One difference between an annual report and the original offering statement is that the financial statements for the most recent fiscal year need only be certified by the principal executive officer of the company to be true and correct in all material respects (unless reviewed or audited financial statements are available for such year, in which case those financial statements must be provided).

Companies will be required to continue to file annual reports every year until the earliest of the following:

  • The company has filed for IPO;
  • The company has filed at least one annual report and has fewer than 300 shareholders of record;
  • The company has filed at least three annual reports and has total assets that do not exceed $10 million;
  • The company or another party purchases or repurchases all of the securities issued pursuant to crowdfunding offerings, including any payment in full of debt securities and any complete redemption of redeemable securities; or
  • The company liquidates or dissolves in accordance with state law.

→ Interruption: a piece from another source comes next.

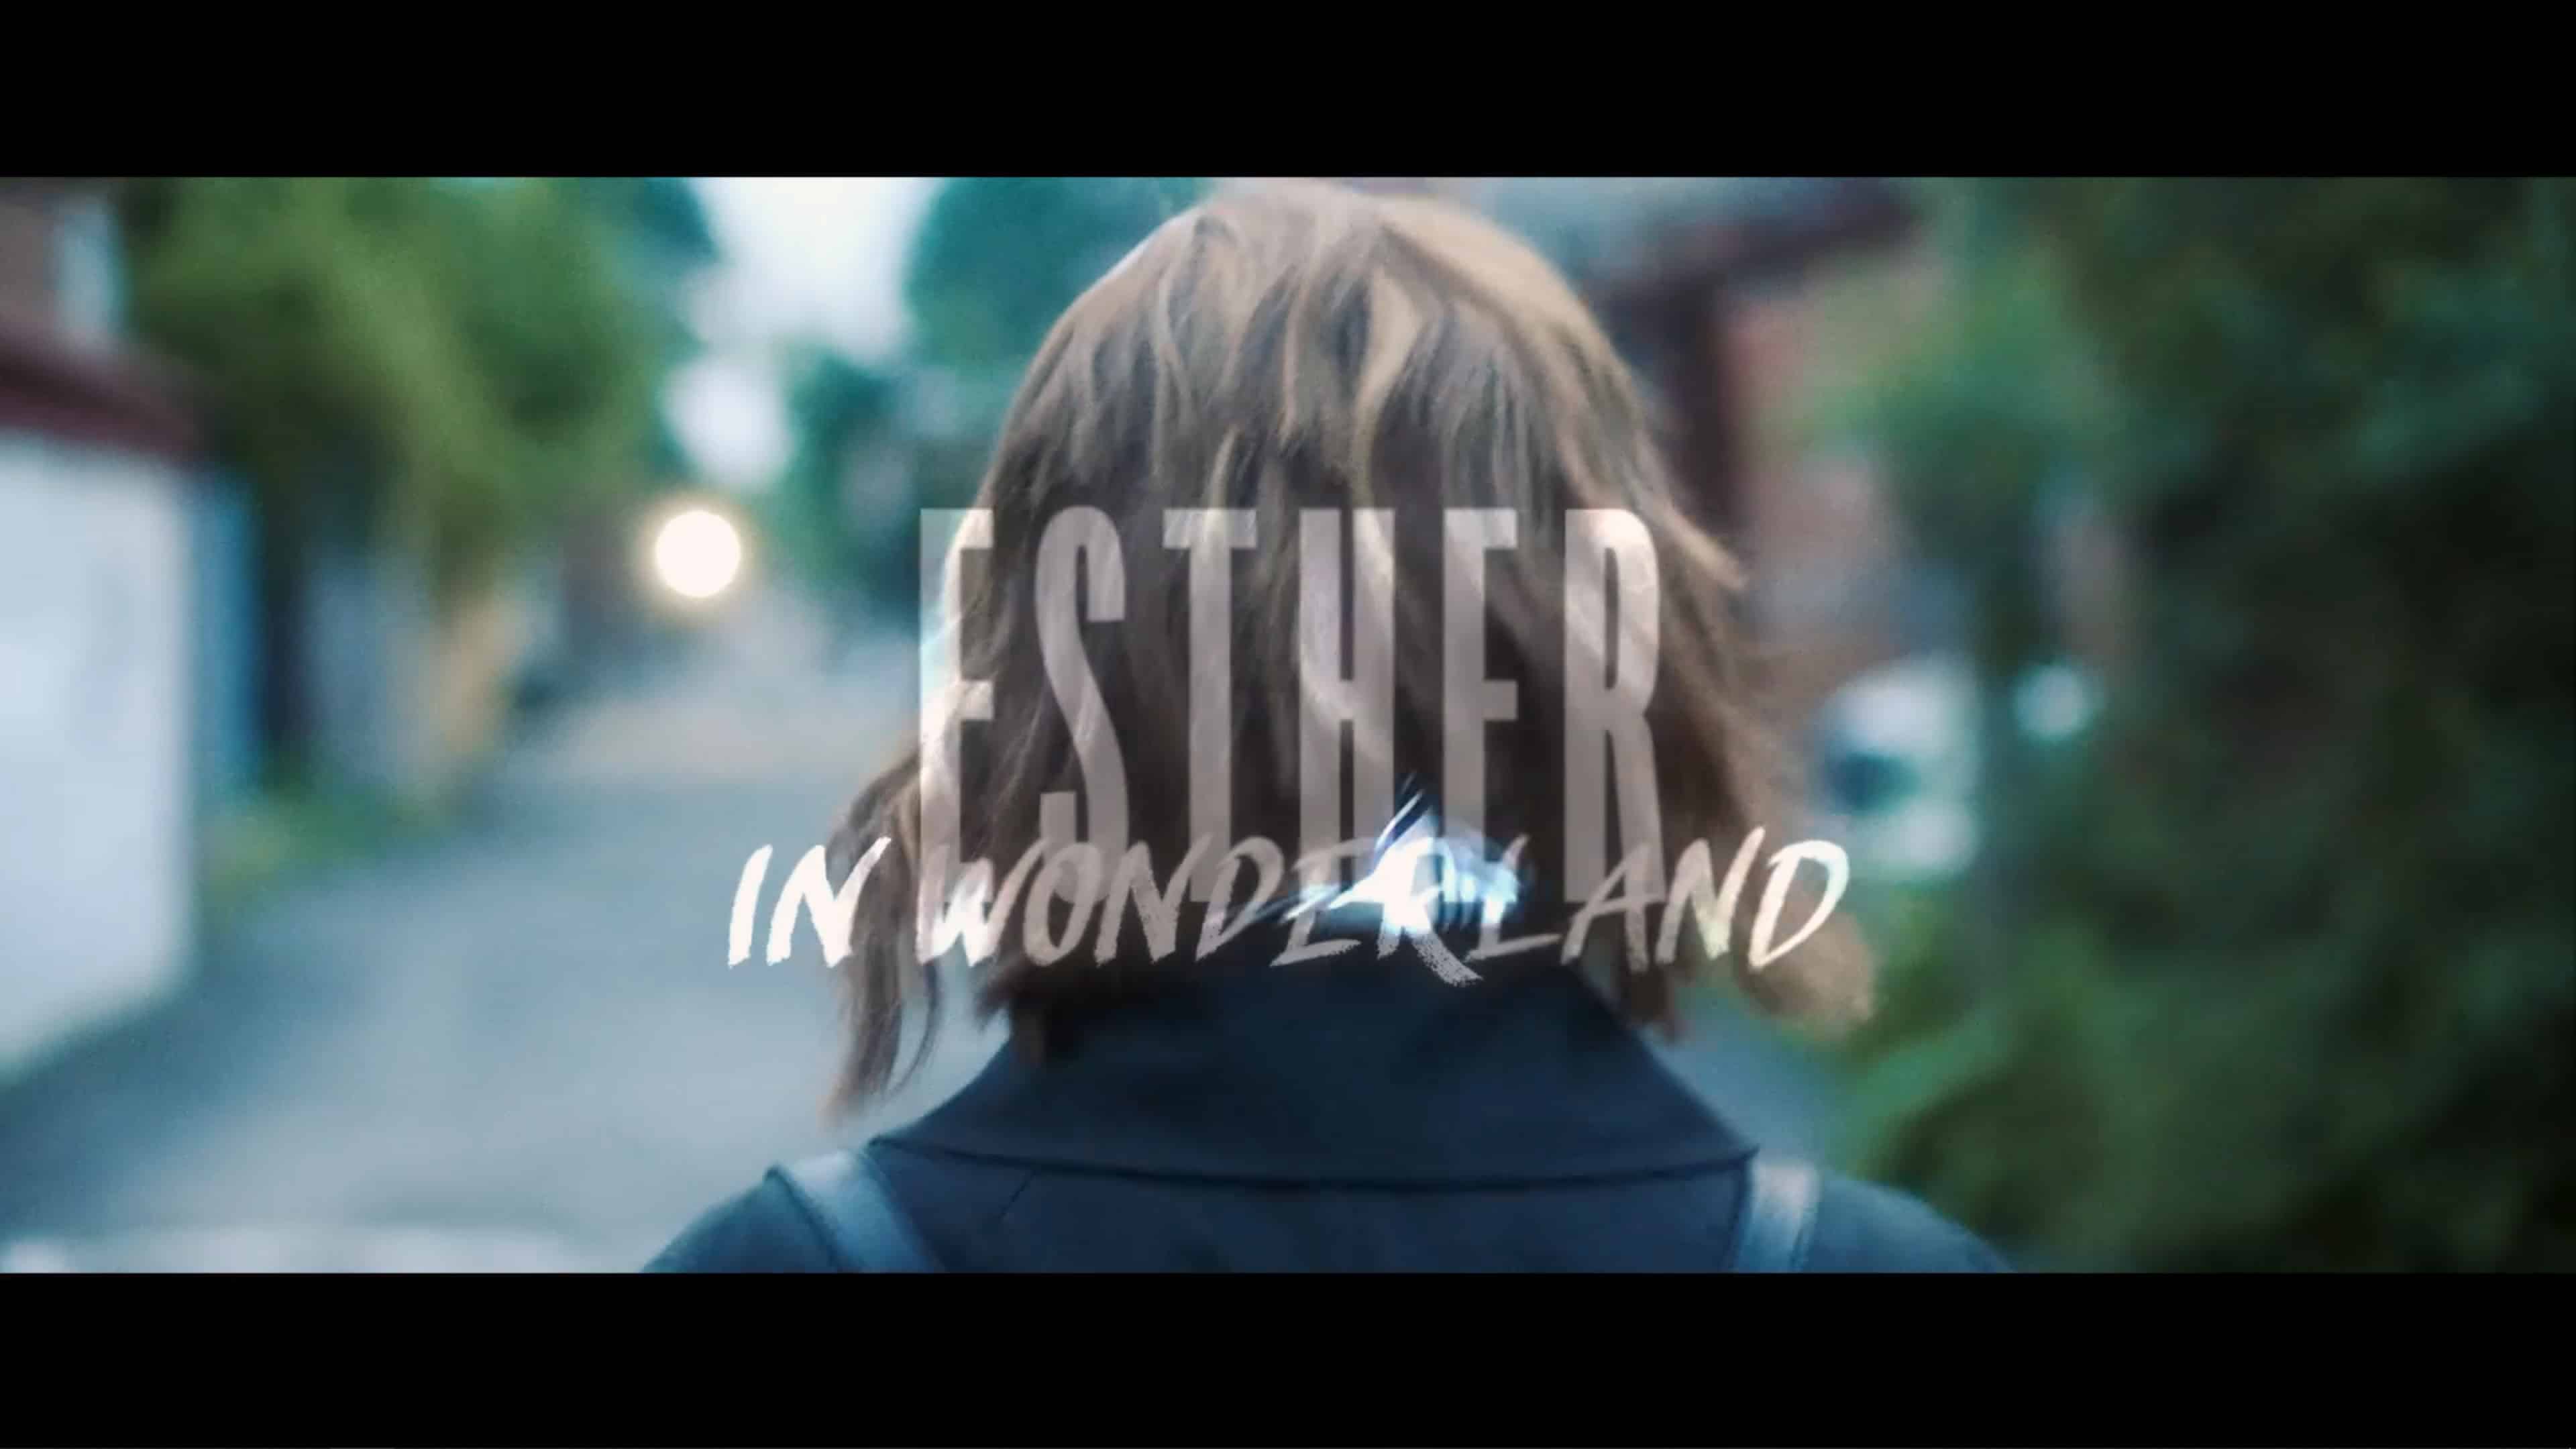 Esther In Wonderland (2021) – Review/Summary (with Spoilers)
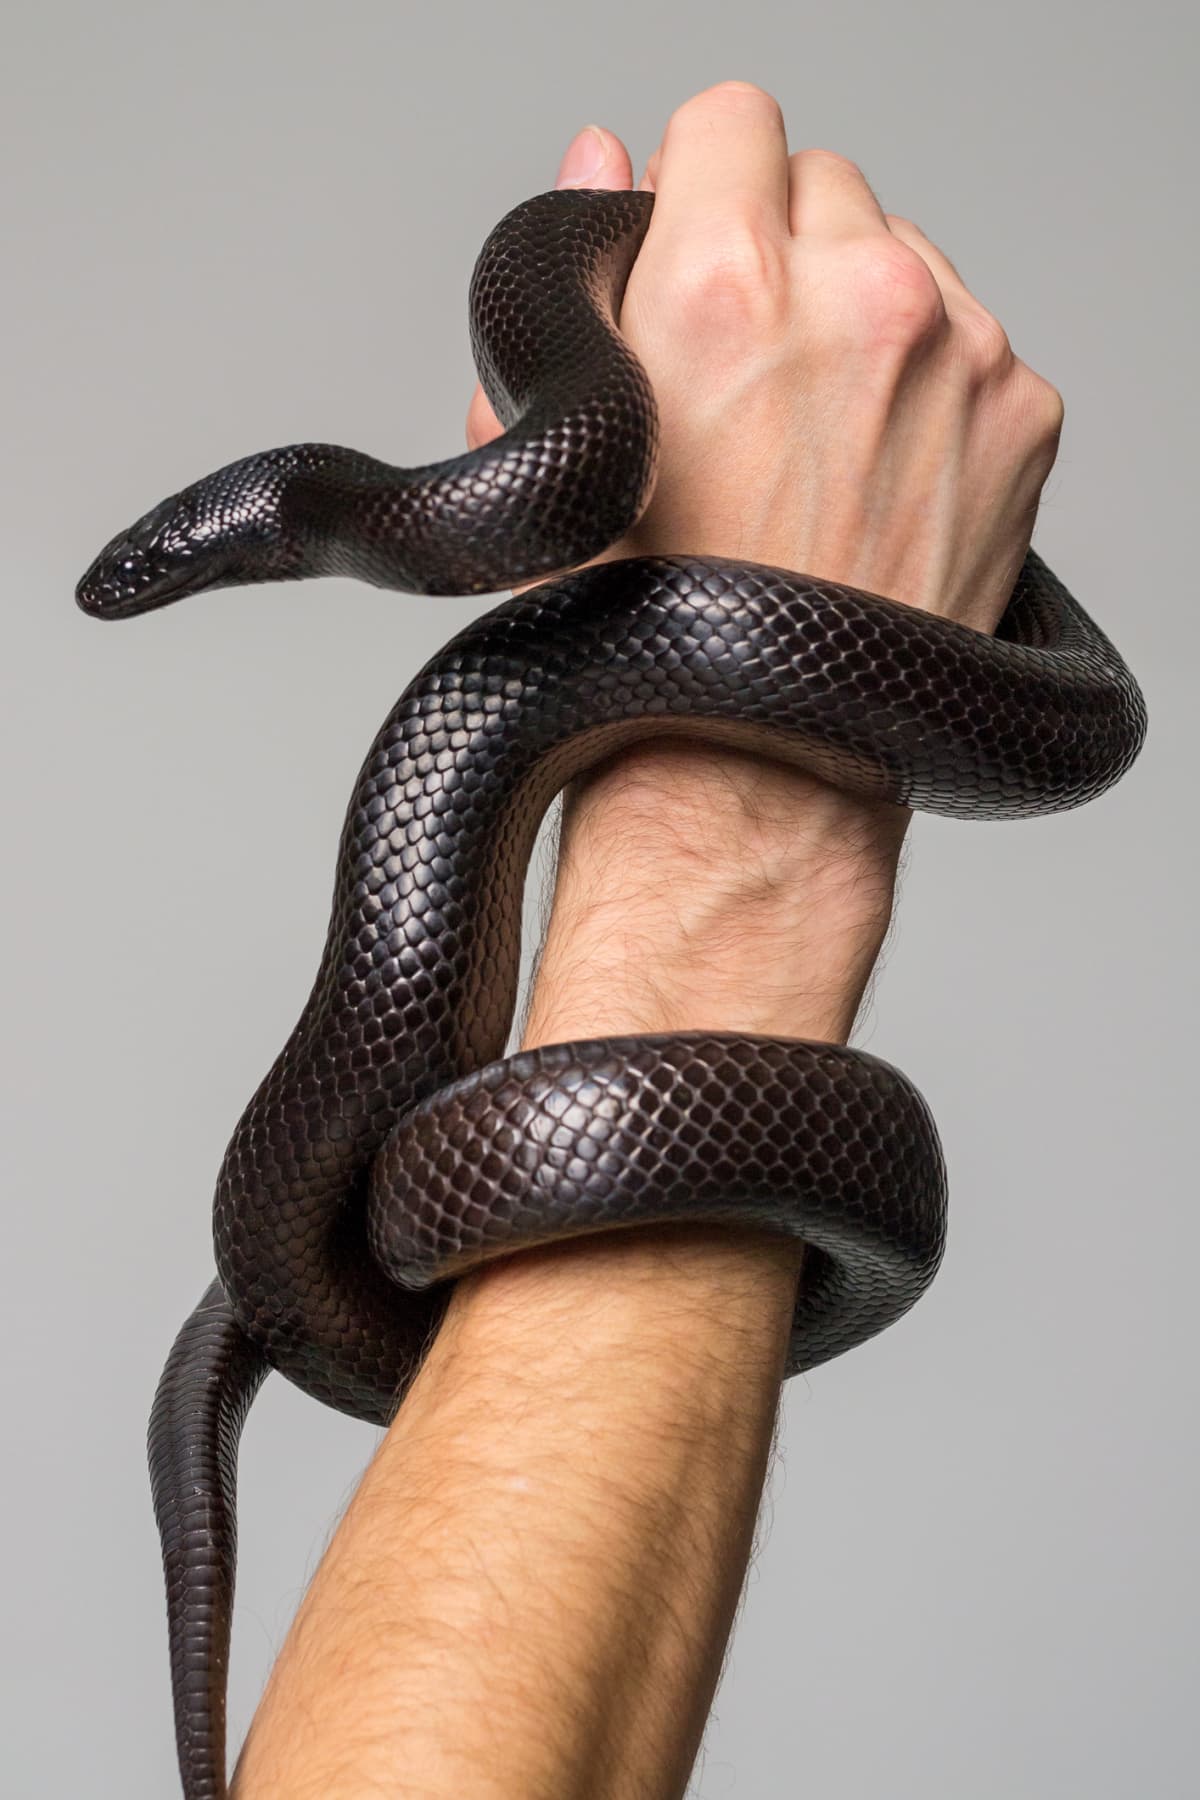 Black snake wrapped around a man's hand and wrist

Cancelation or Early Termination

  1. The campaign will have been open for a minimum of 21 days at the time of the closing;
  2. Equity Portal provides notice to any potential investors and gives or sends notice to investors that have made investment commitments in the offering of:
    1. The new, anticipated closing date of the offering;
    2. The right of investors to cancel investment commitments for any reason until 48 hours prior to the new closing date; and
    3. Whether the issuer will continue to accept investment commitments during the 48-hour period prior to the new closing date.
  3. The new offering closing date is scheduled for and occurs at least five business days after the notice is provided; and
  4. At the time of the new closing date, the campaign meets or exceeds the target offering amount.

Relationship

It is extremely important to note that once an issuers campaign is over, there may or may not be any ongoing relationship between the issuer and Equity Portal.